The first prosecutions to come before the courts where individuals convicted of traffic offences had failed to produce a driving licence for the application of points have been thrown out.
21 cases came before Dublin District Court this morning.
The defendants had all previously been before the courts for offences including speeding and driving while using a mobile phone.
They were required, under the Road Traffic Acts, to produce their licences at the time of their cases, so that the penalty points awarded to them by the court could be placed on them, but they allegedly failed to do so.
The summonses were brought on foot of an order from the Minister for Justice and the Minister for Transport.
Judge Marie Keane told the court today that although a summons states that a driving licence must be brought to court, it does not state that it is a criminal offence not to do so.
She said this was fundamentally flawed and dismissed all 21 cases.
Junior Counsel Oisin Clarke, who appeared for a number of defendants, submitted to Judge Keane that the cases be dismissed on the basis that defendants were not aware of the offence and were not directed by the court to present their licences.
He said that it appeared in respect of section 22 that the court needs to make a formal demand in respect of at least a copy of it.
He said that if that has not been done, obviously the person is going to walk out of court with their licence.
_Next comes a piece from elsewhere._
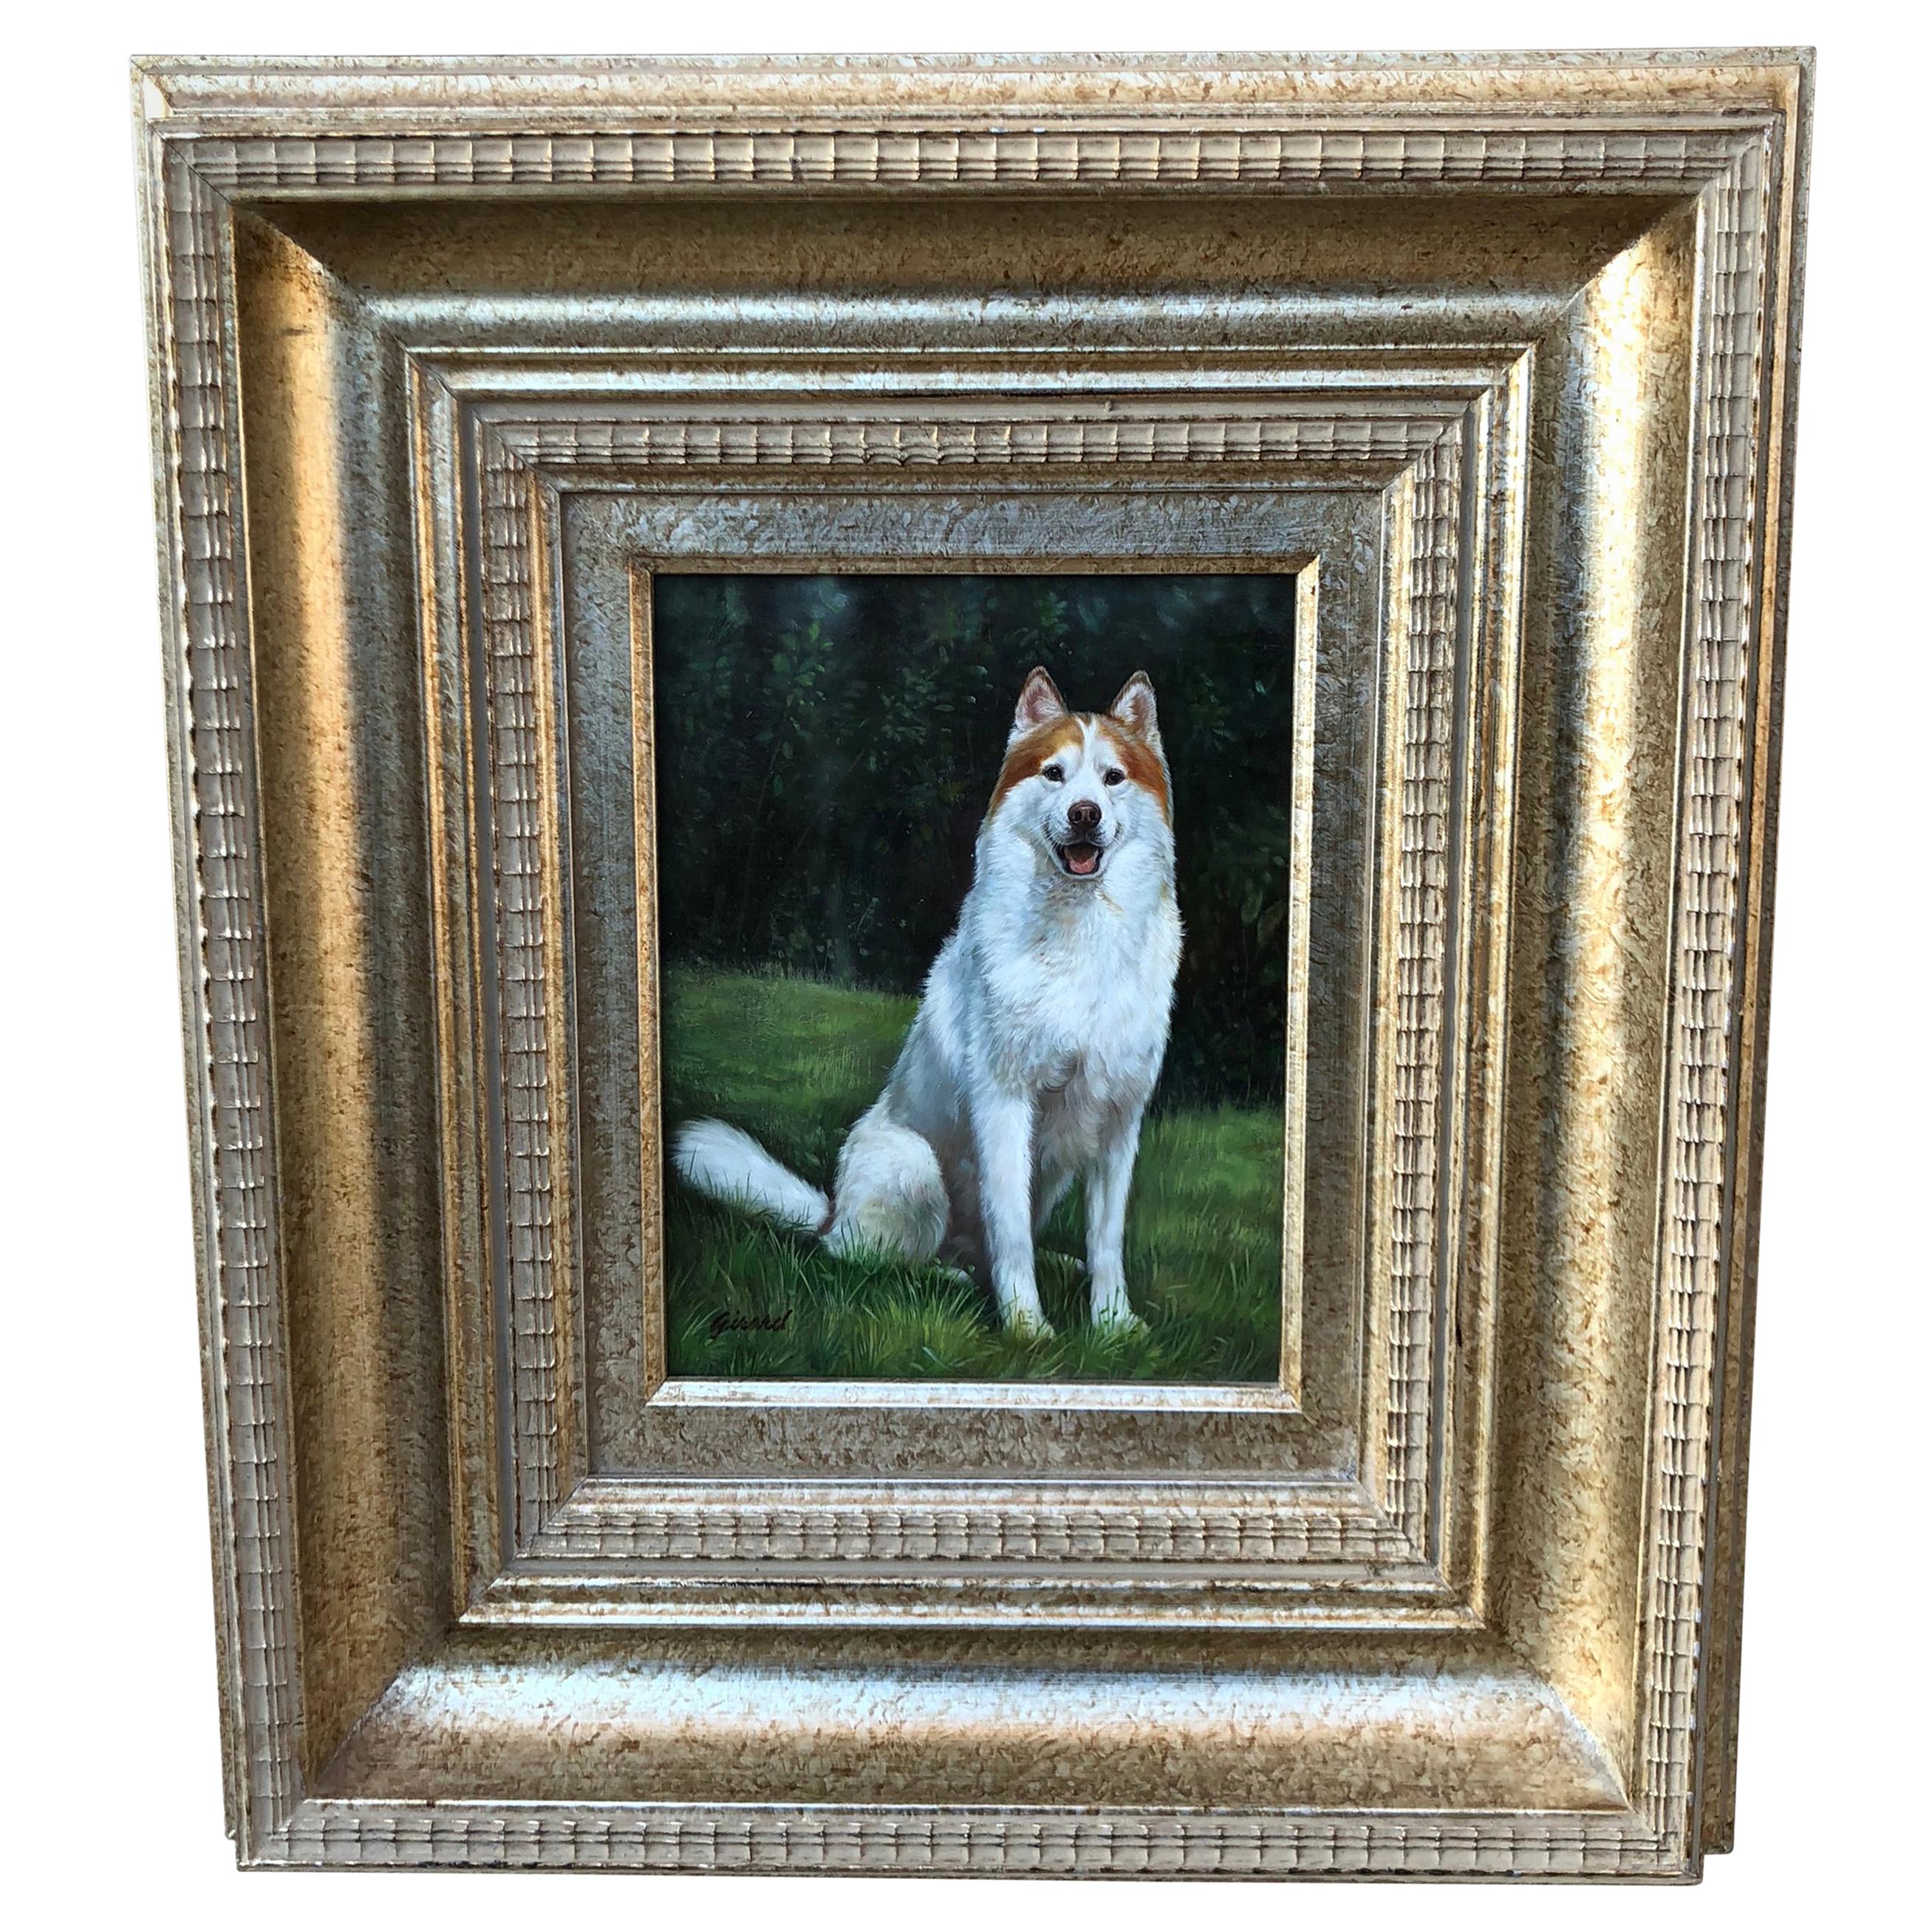 Excellent Quality Original Oil Painting of a Husky Dog by French Artist Girard

Mr Clarke said it would be unfair to expect a lay person to understand the workings of the court, and particularly unfair to convict them of a separate criminal offence of which they were unaware.
He said it is very difficult, if not impossible, to conclude they have committed a criminal offence.
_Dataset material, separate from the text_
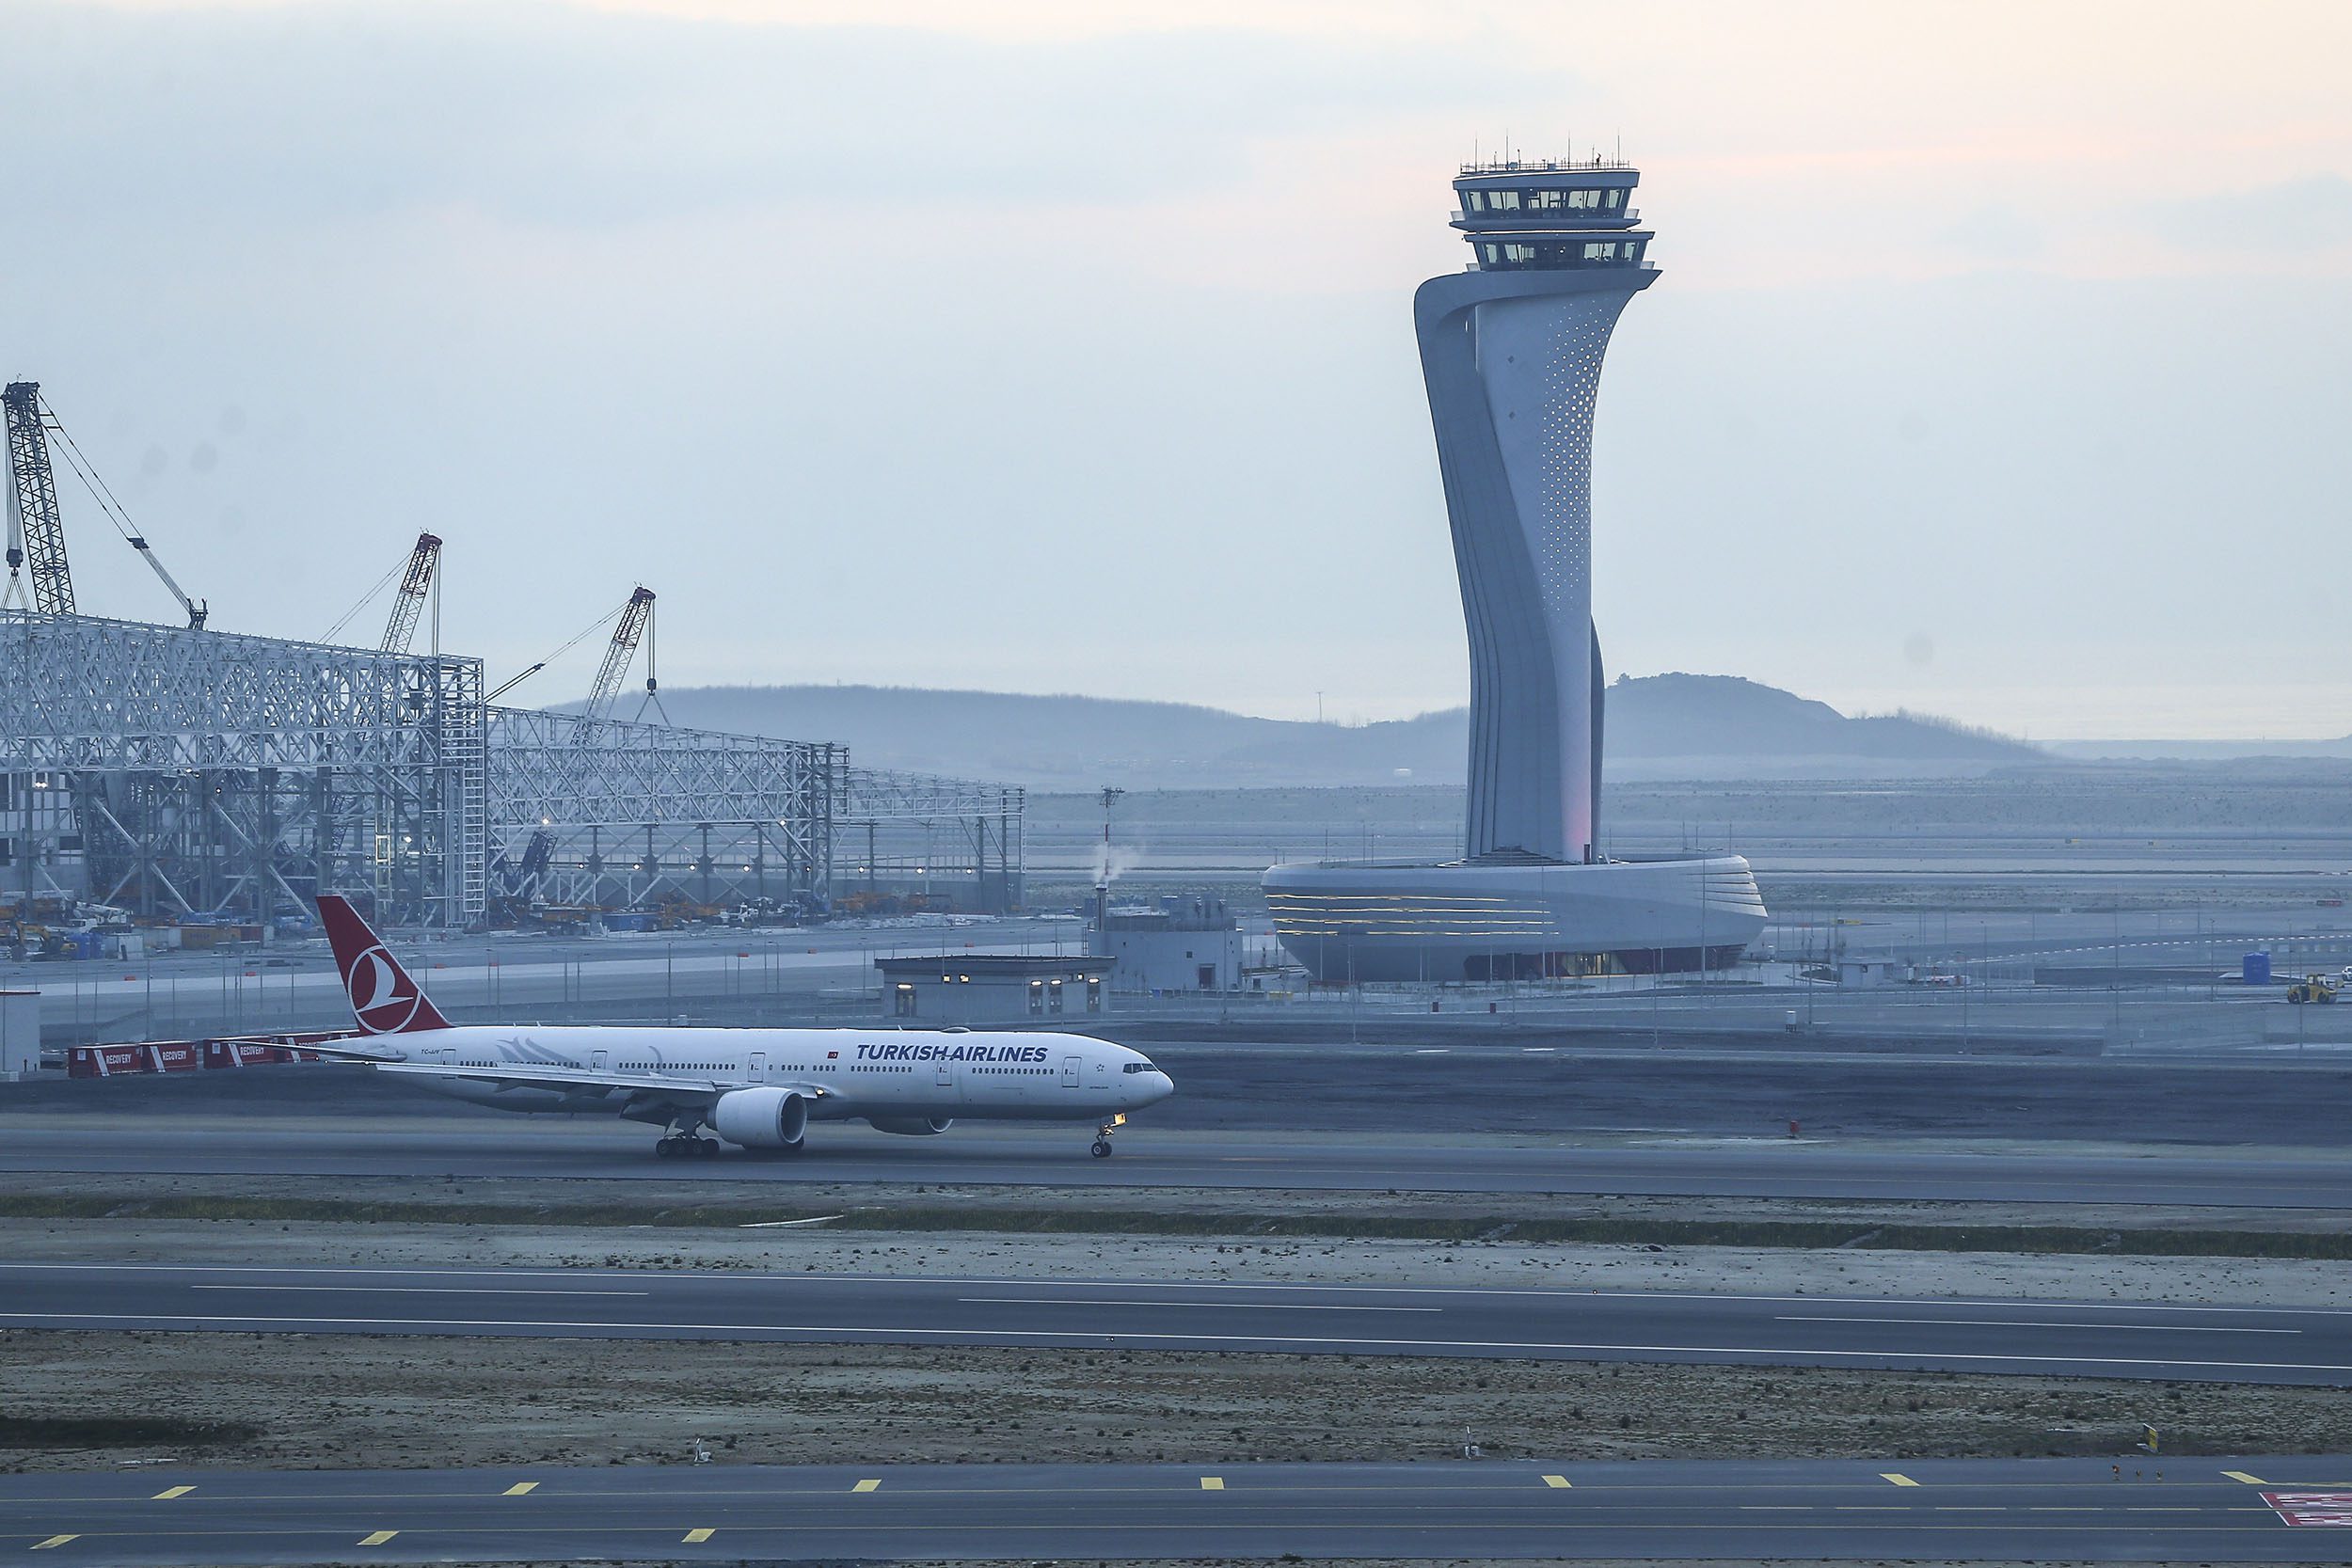 Strong facilities, services help Istanbul Airport outdo most European hubs

Elizabeth Liz Byrne, a prosecuting solicitor at the Office of the Director of Public Prosecutions, said she accepted the non-indication on the summons in relation to presenting the licence.
Dismissing the cases, Judge Keane said the legislation was "very complex" and that she was "none the wiser" as to the nature of the legislation having heard it outlined by the legislator in the Dáil.
She said when a person comes before the court, they are entitled to know precisely what they are charged with and the outcome of any successful prosecution.
She said that while she had not heard any evidence from any individual that they were not asked to present the licence, she would rule on the balance of probabilities that it was not clear to them that they were to produce their licenses when they were before the court.